Seit Castillo im Amt ist, kämpft er um sein politisches Überleben. Er war eher durch Zufall Präsident geworden. Im ersten Wahlgang im April vergangenen Jahres hatte der Volksschullehrer und Gewerkschafter neunzehn Prozent der Stimmen bekommen – mit einem ziemlich wirren Programm. Wirtschaftspolitisch steht er links und kündigte an, er wolle den Bergbau zumindest teilweise verstaatlichen. Sicherheits- und sozialpolitisch aber steht er ganz rechts. Er befürwortet die Todesstrafe und den Aufbau paramilitärischer Bürgerwehren und verlangt ein striktes Verbot von Abtreibungen und gleichgeschlechtlicher Ehe.

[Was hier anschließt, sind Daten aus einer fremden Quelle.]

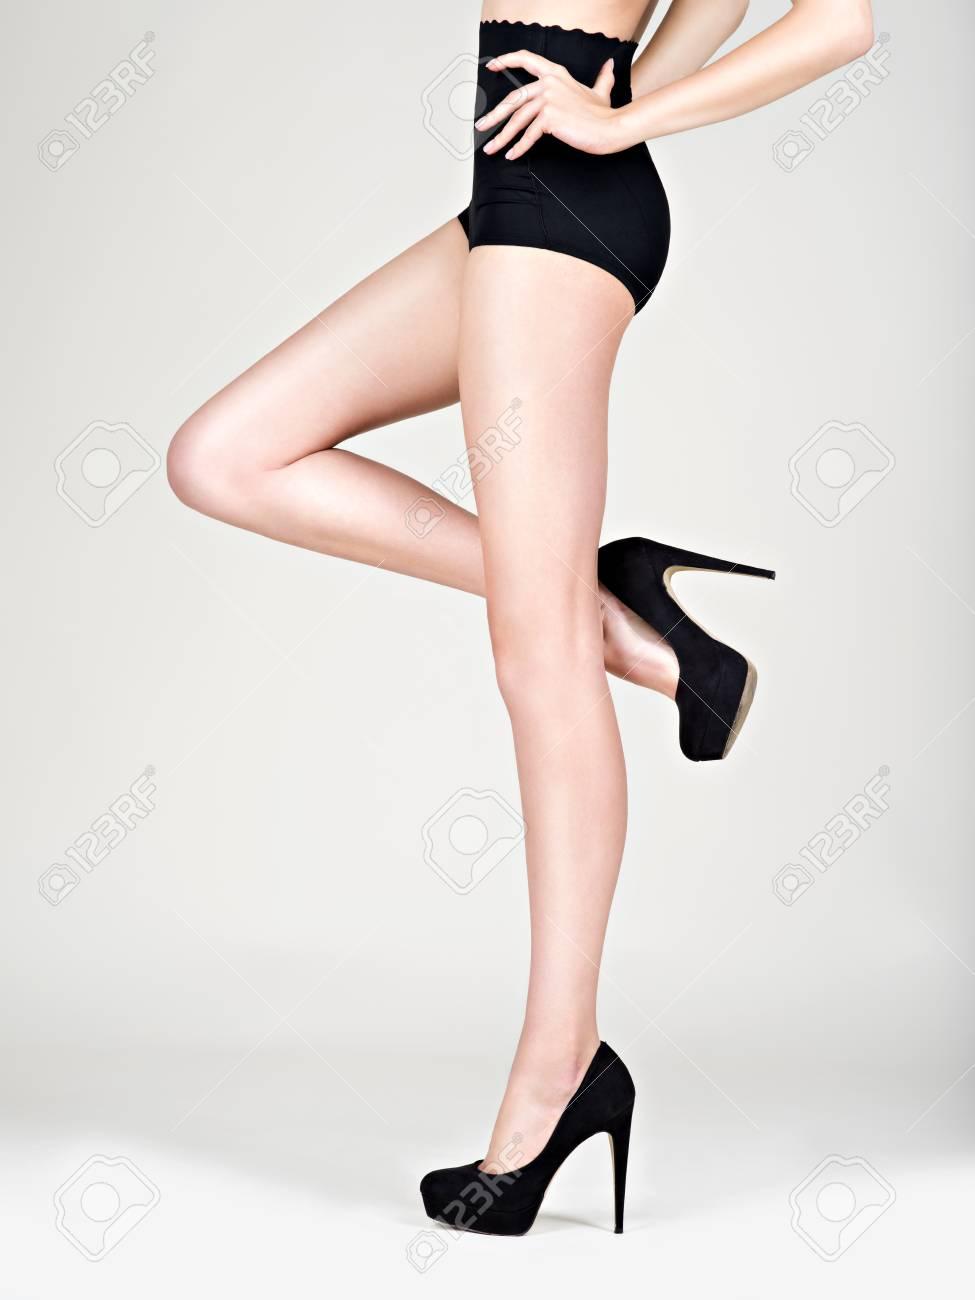 7d6c61e2b65 예쁜 여자 하이힐 패션, 검은 색 팬티 - 스튜디오 로열티 무료 사진 ...

Aber das Wahlvolk hatte genug vom politischen Establishment, und Castillo gehörte nicht dazu. Von den vier nach Fujimori gewählten Präsidenten sitzen zwei wegen Korruption in Haft, einer erschoss sich kurz vor seiner Verhaftung, und der vierte darf wegen laufender Ermittlungen das Land nicht verlassen. Auch Keiko Fujimori, die Tochter von Alberto Fujimori und Castillos Gegnerin in der Stichwahl vom Juni, war nur vorläufig auf freiem Fuss. Castillo gewann mit dem hauchdünnen Vorsprung von 0,2 Prozentpunkten.

In seinen acht Monaten im Amt hat der Präsident keine einzige Reform angestossen. Seine Partei Perú libre verfügt im Parlament nur über 37 der 130 Sitze, seine Regierung ist eine ständige Baustelle. Alle paar Wochen werden Minister entlassen oder treten zurück, meist wegen Korruptionsvorwürfen; ein ehemaliger Minister soll seine Ehefrau verprügelt haben.

Auch die Ausgangssperre vom 5. April hielt keine 24 Stunden. Nach Protesten nahm Castillo sie wieder zurück. Danach sah man in Lima ebenfalls brennende Barrikaden und Polizisten, die mit Tränengasgranaten auf Demonstrant:innen schossen. Der Tag wurde zum Sinnbild für eine bislang verpfuschte Präsidentschaft.